The South African government banned the sale of alcohol from March 26 until the end of May in response to the Covid-19 outbreak, but the group said the subsequent easing of export restrictions and lifting of the ban on alcohol sales on June 1 had provided a marked improvement to the financial health of the company and its ability to protect jobs.

Distell is Africa’s leading producer and marketer of wines, spirits, ciders and other ready-to-drink  beverages that are sold throughout the world.

The multinational brewing and beverage company said its operations in the Botswana, Lesotho, Namibia and Eswatini (BLNE) regions were also affected by specific country bans on alcohol sales and more than 50 percent of revenues were generated from Namibia where there was a ban on alcohol. 

As a result revenues and volumes were adversely affected by 14.9 percent and 20.4 percent, respectively, in those regions. 

However, the group’s Africa business outside of BLNE proved resilient, and was led by Kenya Wine Agencies (KWAL). 

“Comparative revenues are up 2.3 percent while volumes declined by 12 percent,” the group said. 

Its international operations were also negatively impacted earlier in the period as the restricted export of Amarula from South Africa also contributed to overall revenues and volumes declining by 10.3 percent and 15.4 percent, respectively. 

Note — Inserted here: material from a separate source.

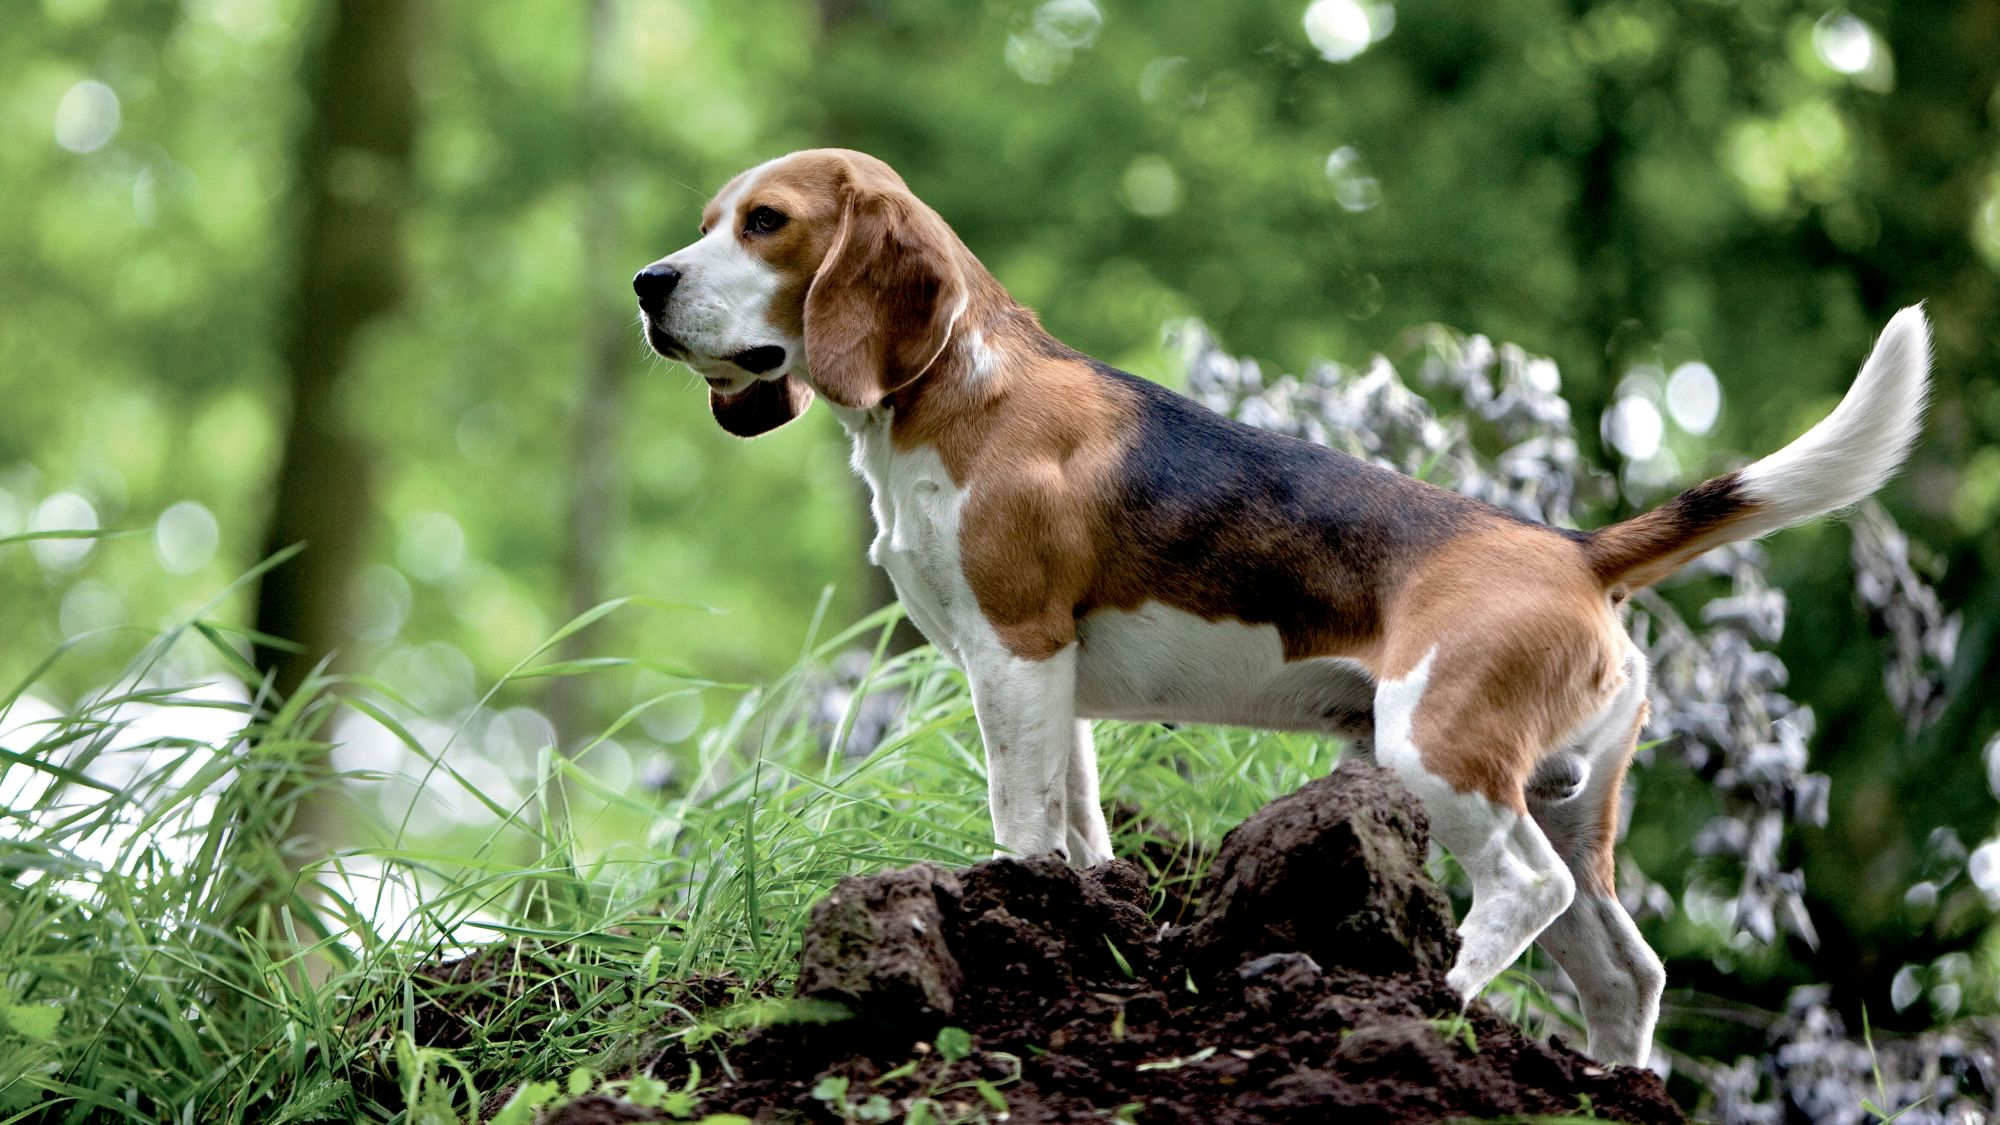 Beagle dog staying alert outdoors

The group affirmed its trading statement, which was published on May 15, whereby it said it expected its basic earnings per share (Eps) to decline by between 45 percent and 65 percent for the year to end June, down from last year’s Eps of 396.5 cents a share. 

Its headline earnings per share (Heps) was expected to be between 60 percent and 80 percent lower compared to 652.9c reported last year. 

Distell will release its results on August 27.